Et, sur l’immigration, le divorce est complet entre les deux mondes : 57 % des élites européennes pensent que l’immigration a été un bienfait, contre seulement 25 % des citoyens ordinaires ; 58 % des élites pensent que les immigrés améliorent la vie culturelle, contre seulement 32 % des citoyens ordinaires. Et inversement, une majorité des citoyens (51 %) affirme que l’immigration a aggravé la criminalité, contre 30 % des élites. De même, 55 % des citoyens pensent que l’immigration pèse sur l’État-providence, contre 35 % des élites. Et les mêmes oppositions séparent peuple et élites sur l’islam et les musulmans : 56 % pensent ainsi que toute nouvelle immigration en provenance de pays musulmans doit être stoppée, contre une minorité des élites (32 %). Et 55 % des citoyens affirment que les styles de vie européen et musulman sont irréconciliables (contre 35 %). La rupture est encore plus forte sur l’Union européenne : 71 % des élites considèrent avoir bénéficié de l’Union européenne, contre seulement 34 % des citoyens. Enfin, les deux groupes s’opposent aussi sur les réfugiés, le Brexit, le rôle de l’Allemagne, le mariage homosexuel et la peine de mort.

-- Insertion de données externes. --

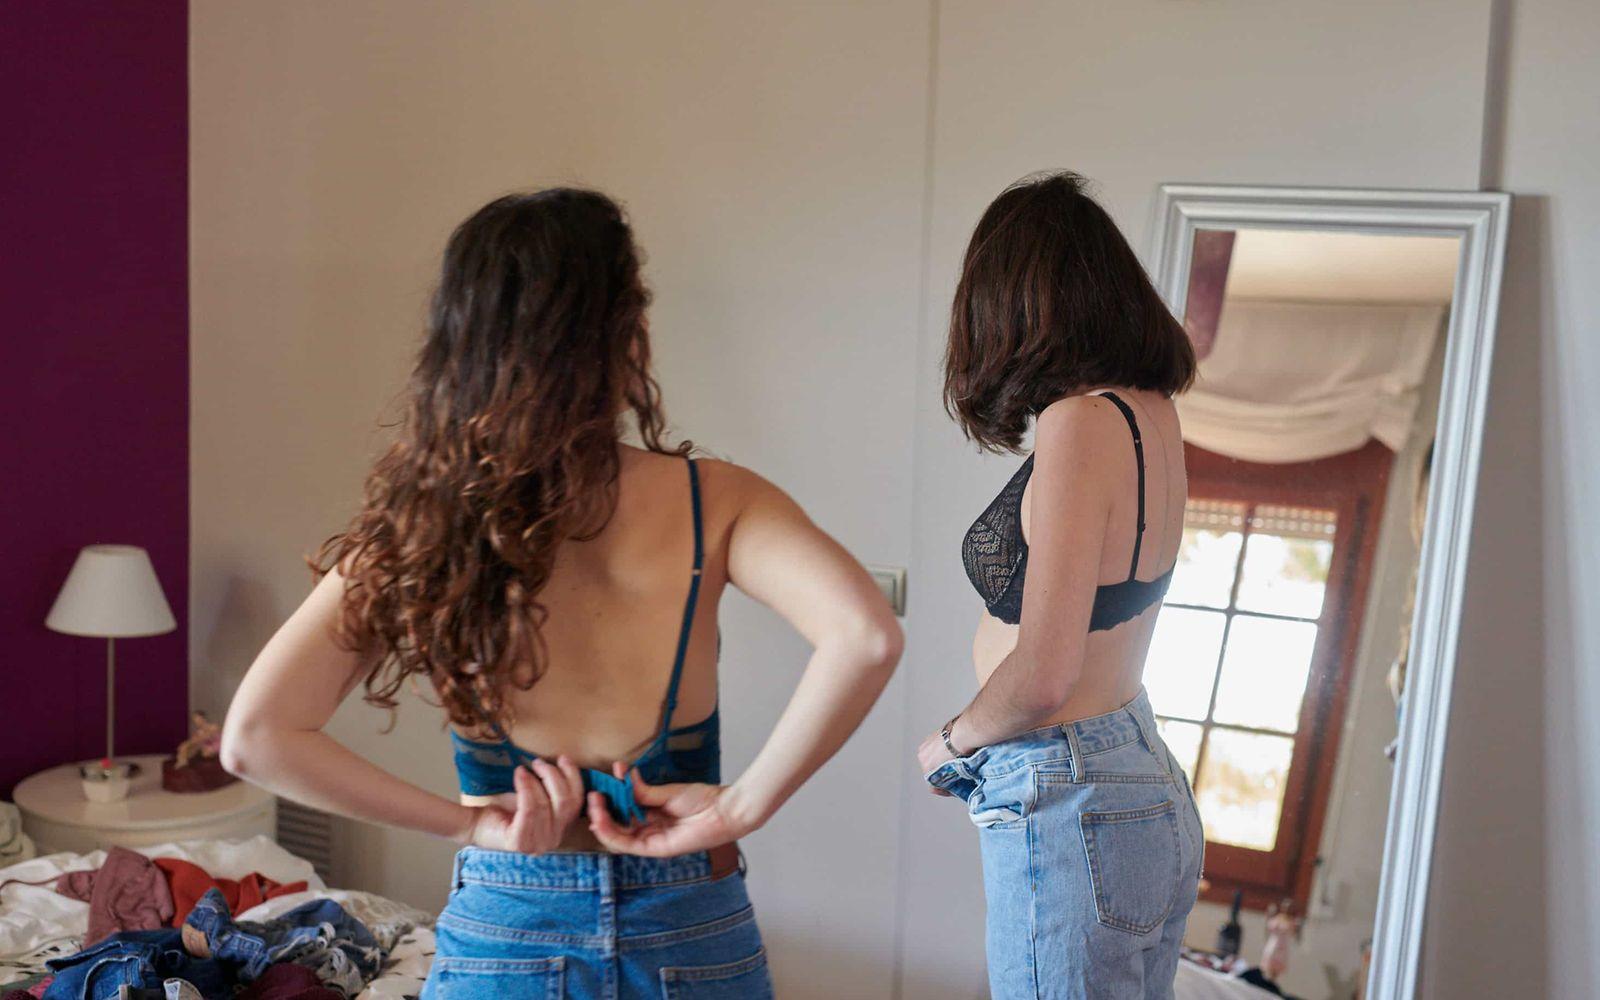 Magersucht:  Zwei Frauen in Jeans und BH betrachten sich im Spiegel.

Si, comme c’est de plus en plus le cas, la réalité vient donner raison aux « gens ordinaires » contre les élites, alors ces tendances lourdes ne feront que grossir avec, en plus, un légitime sentiment de trahison et de colère contre ces élites. Et ce n’est pas un Président des élites qui pourra les inverser, lui qui n’a, pour le moment, manifesté aucune intention d’arrêter l’immigration et l’islamisation de l’Europe. Une politique de grandeur – et de raison – susceptible de réconcilier peuples et élites ne se construira pas sans ce préalable-là.
Les peuples d’Europe n’ont pas dit leur dernier mot.